That's all history, thanks to the La Jolla Ecological Reserve Low Flow Diversion Project where Harris & Associates was proud to participate by designing a key solution to this problem. Now contaminated low flows are safely diverted to the sewer system for treatment. People, wildlife and jobs are all protected.
Harris & Associates project-managed this vital initiative, which required:
- State-of-the-art sensing and control technology to prevent sewer system overload
- Pilot-tube-guided boring trenchless technology
- Custom-designed vaults
- Scientifically-based design features
Low flow diversion is still a nascent field, so all assumptions, calculations, technical design and constructability were extensively scrutinized prior to bidding. Still, Harris completed the $4.8 million project on time and on budget.
Beyond the Blueprints
People take more than 57,000 motorized vehicle trips each day, dodging heavy bicycle and pedestrian volumes on the scenic Torrey Pines Road in La Jolla, where construction was required. Harris worked closely and collaboratively with the City and contractor and community throughout the project. Harris scheduled the project so that construction avoided the community's summer beach moratorium on construction, and designed traffic control to incorporate the newly-adopted Sharrow lane to protect and maintain safe bicycle traffic through the site. The Harris design also included trenchless technology and minimized footprint that allowed daytime construction so vibration and noise would not disturb residents’ sleep.

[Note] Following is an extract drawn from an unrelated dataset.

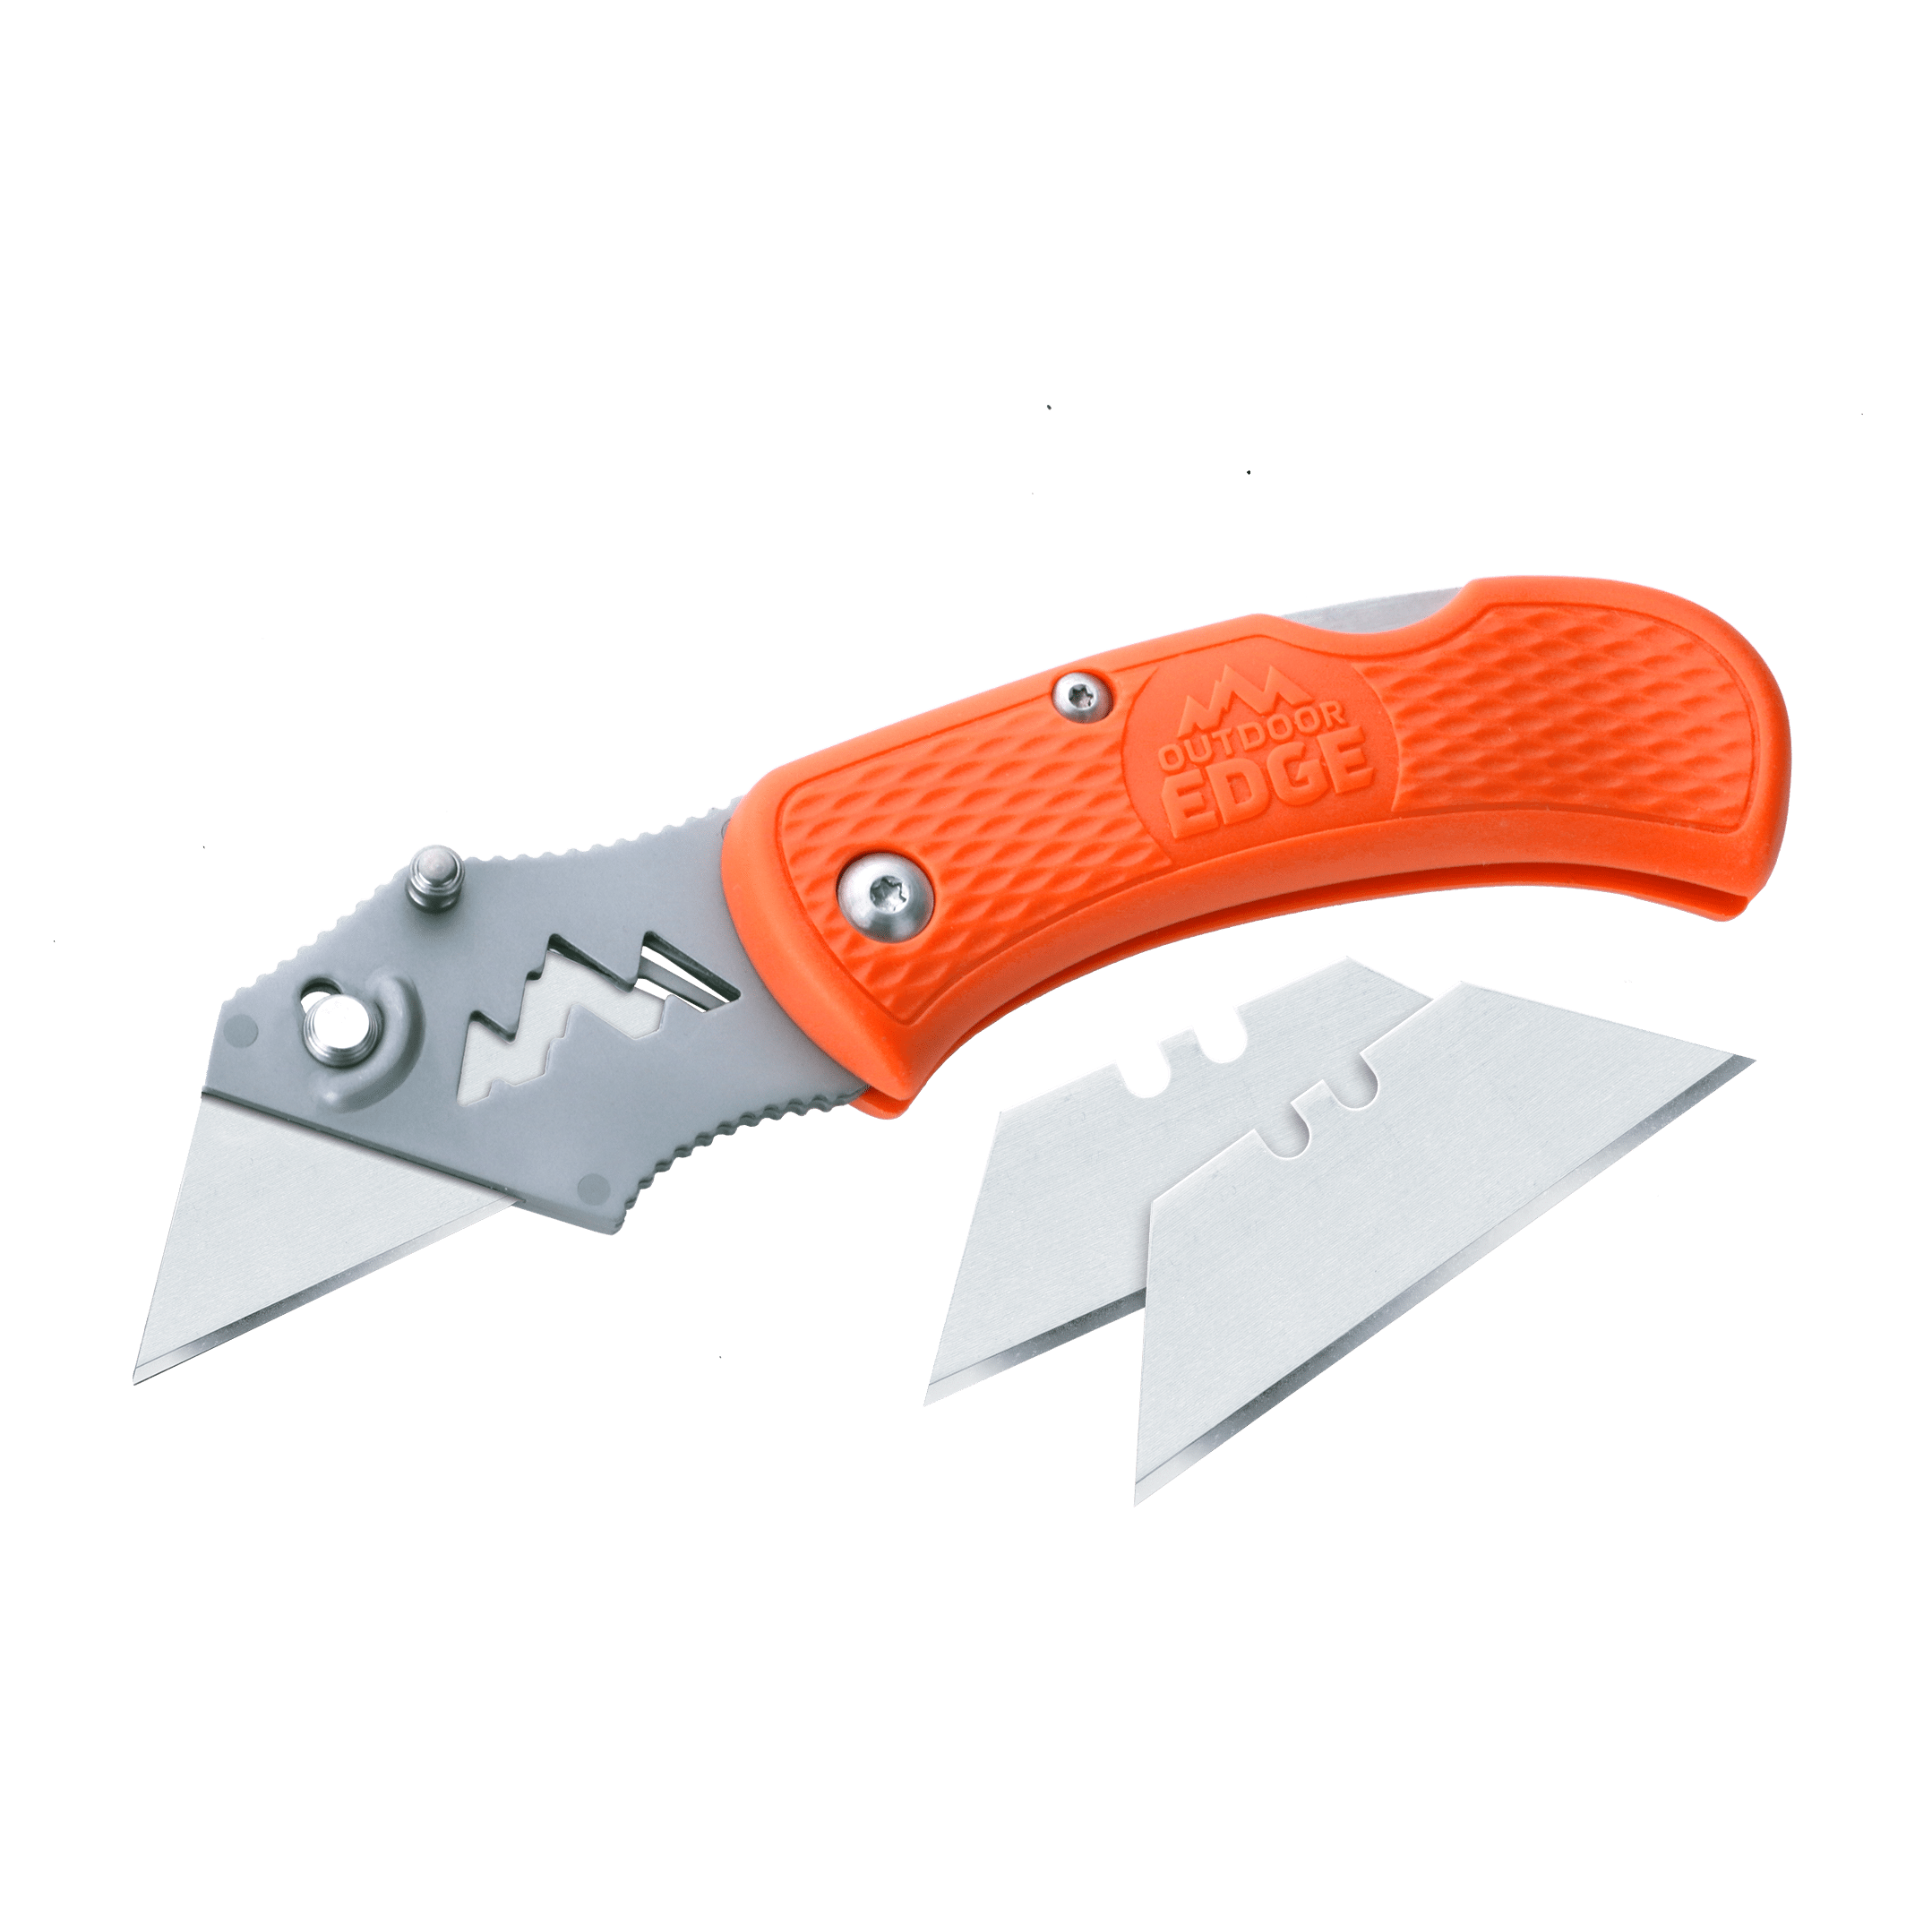 Outdoor Edge Orange B.O.A. (Box Opening Assistant) Utility knife product photo
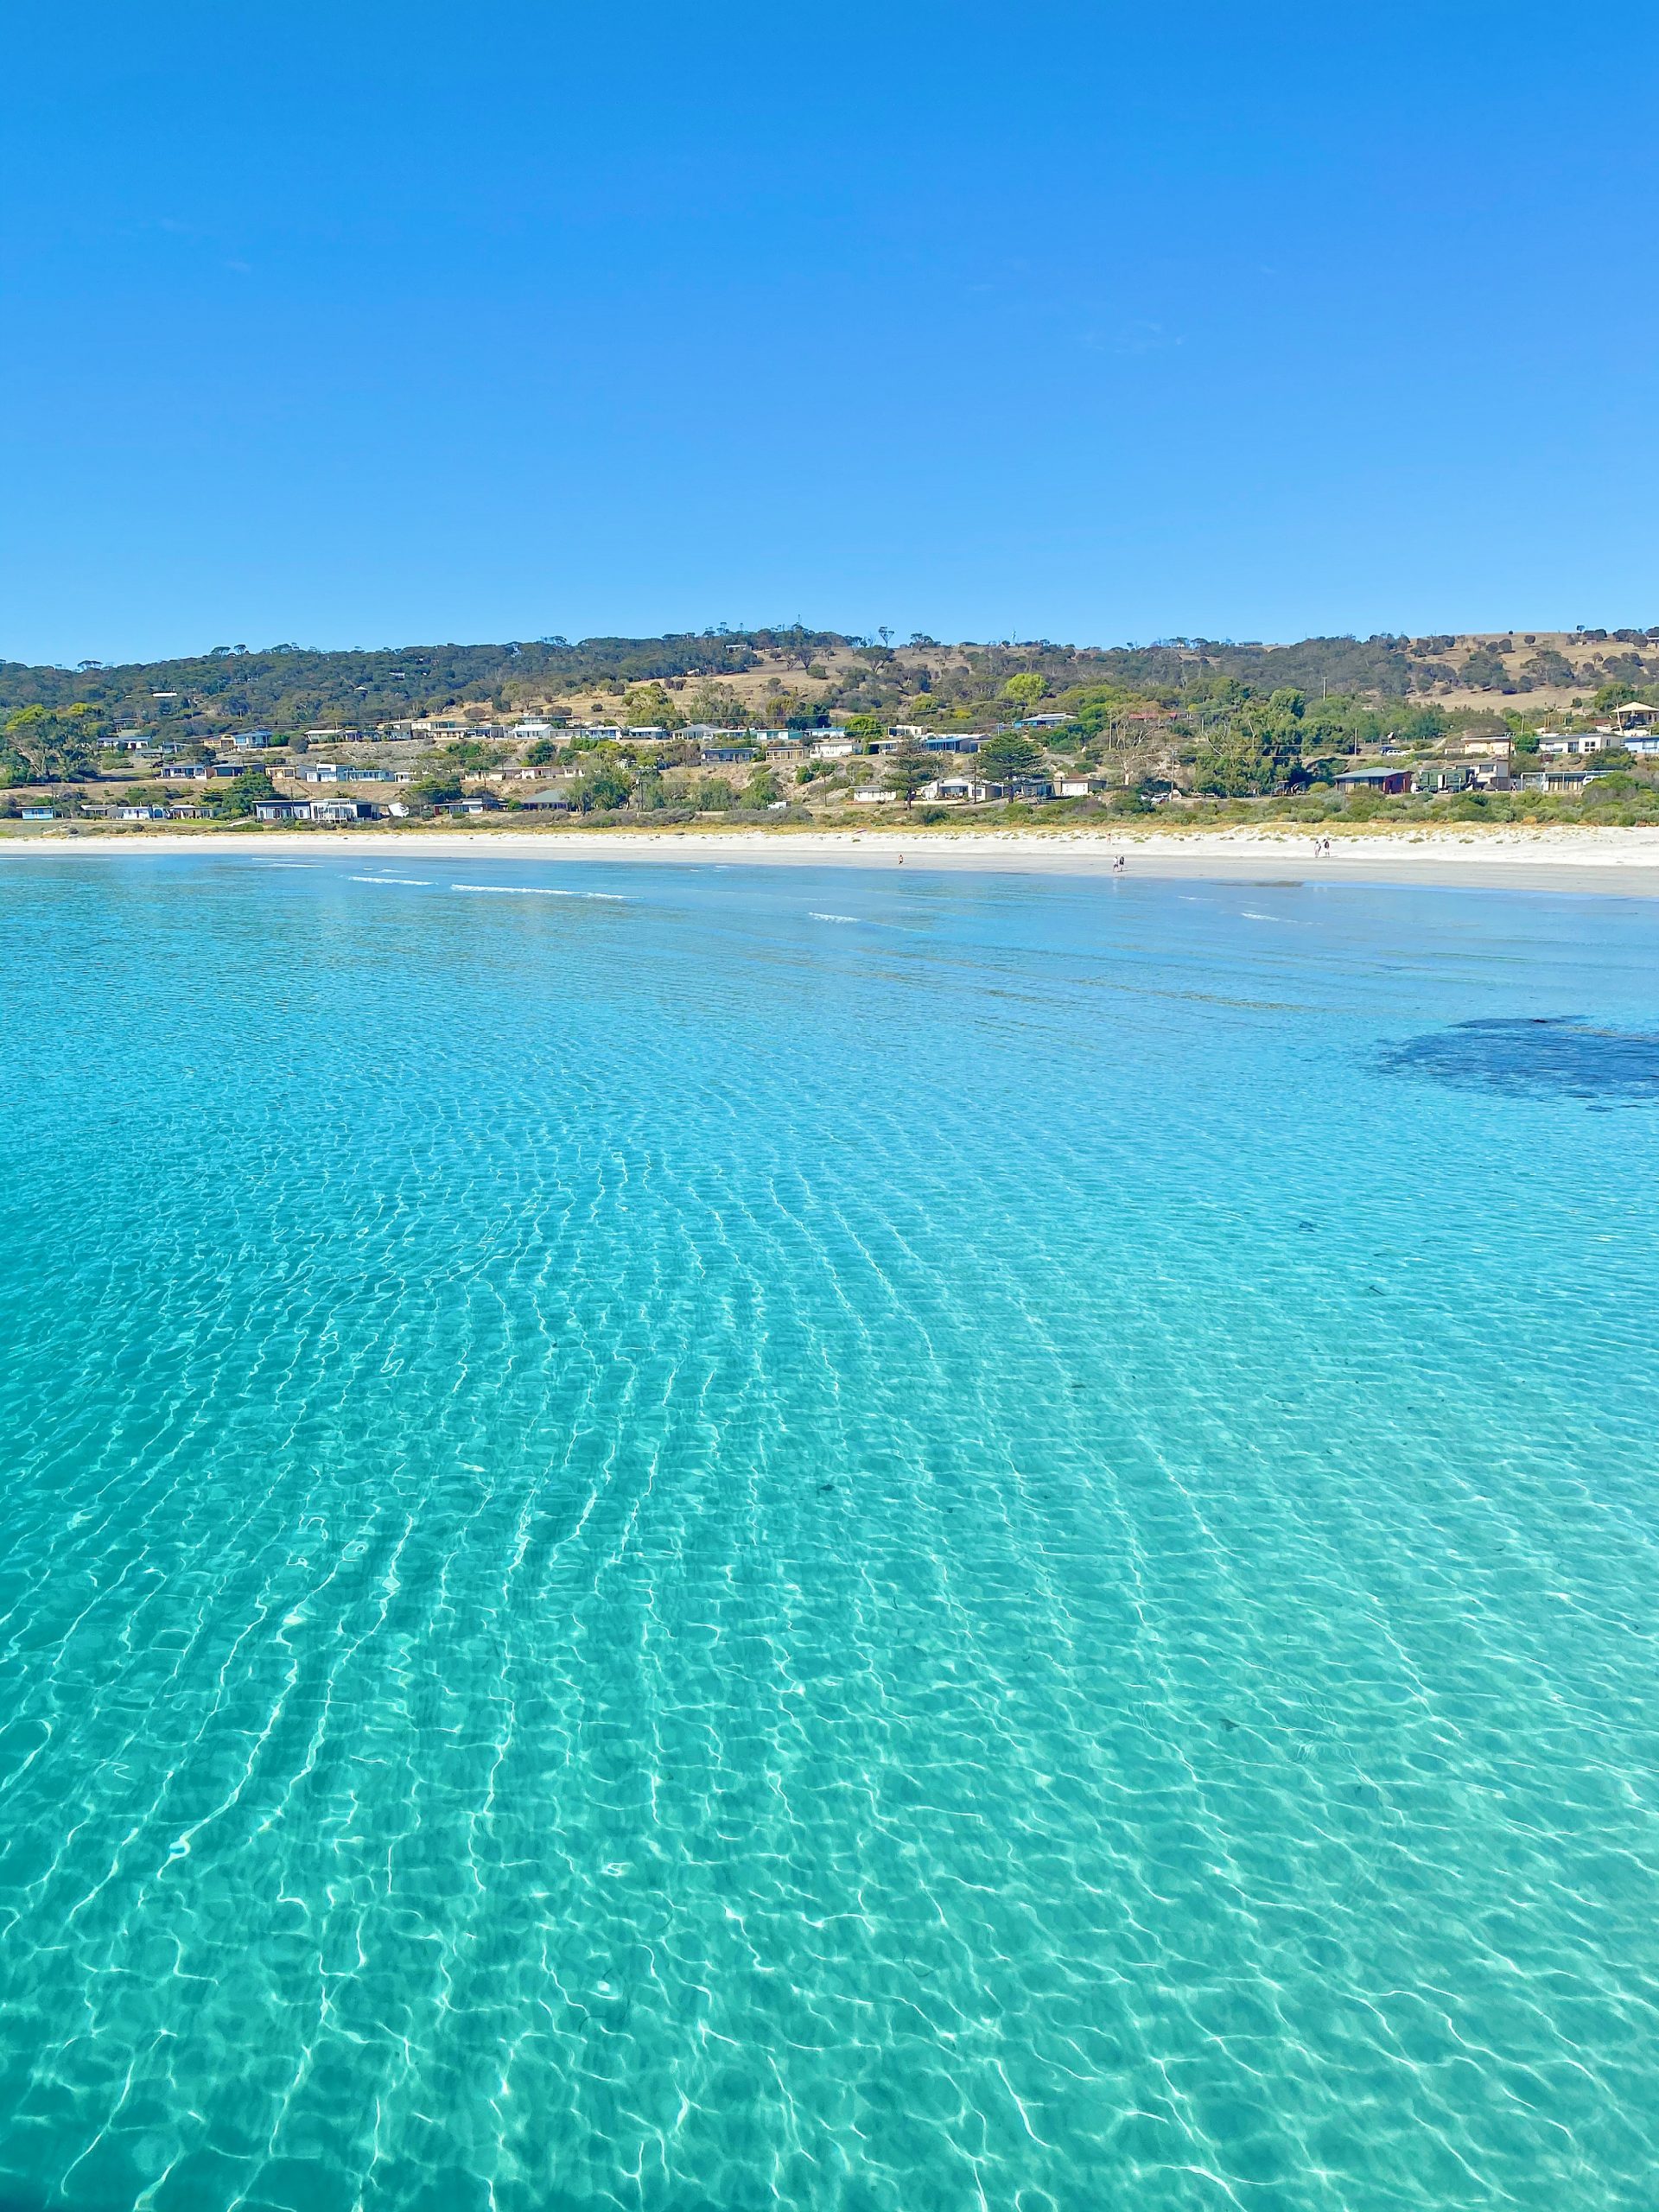 Sip and See Kangaroo Island with a once-in-a-lifetime experience!

Harris designed solutions throughout the project to accommodate existing deep and congested utility constructions. Harris also provided on-the-spot engineering solutions to mitigate the impact of several significant undocumented utilities which challenged construction feasibility and schedule. A deep vault had to be constructed within inches of beam-and-lag shoring to retain three stories of earth, coordinated closely with an adjacent multimillion-dollar multi-story underground construction immediately adjacent to the shoreline.
These types of design innovations and a collaborative working relationship with the community, helped make this project a success worthy of local and national recognition and, more importantly, deliver water quality benefits to the region for decades to come.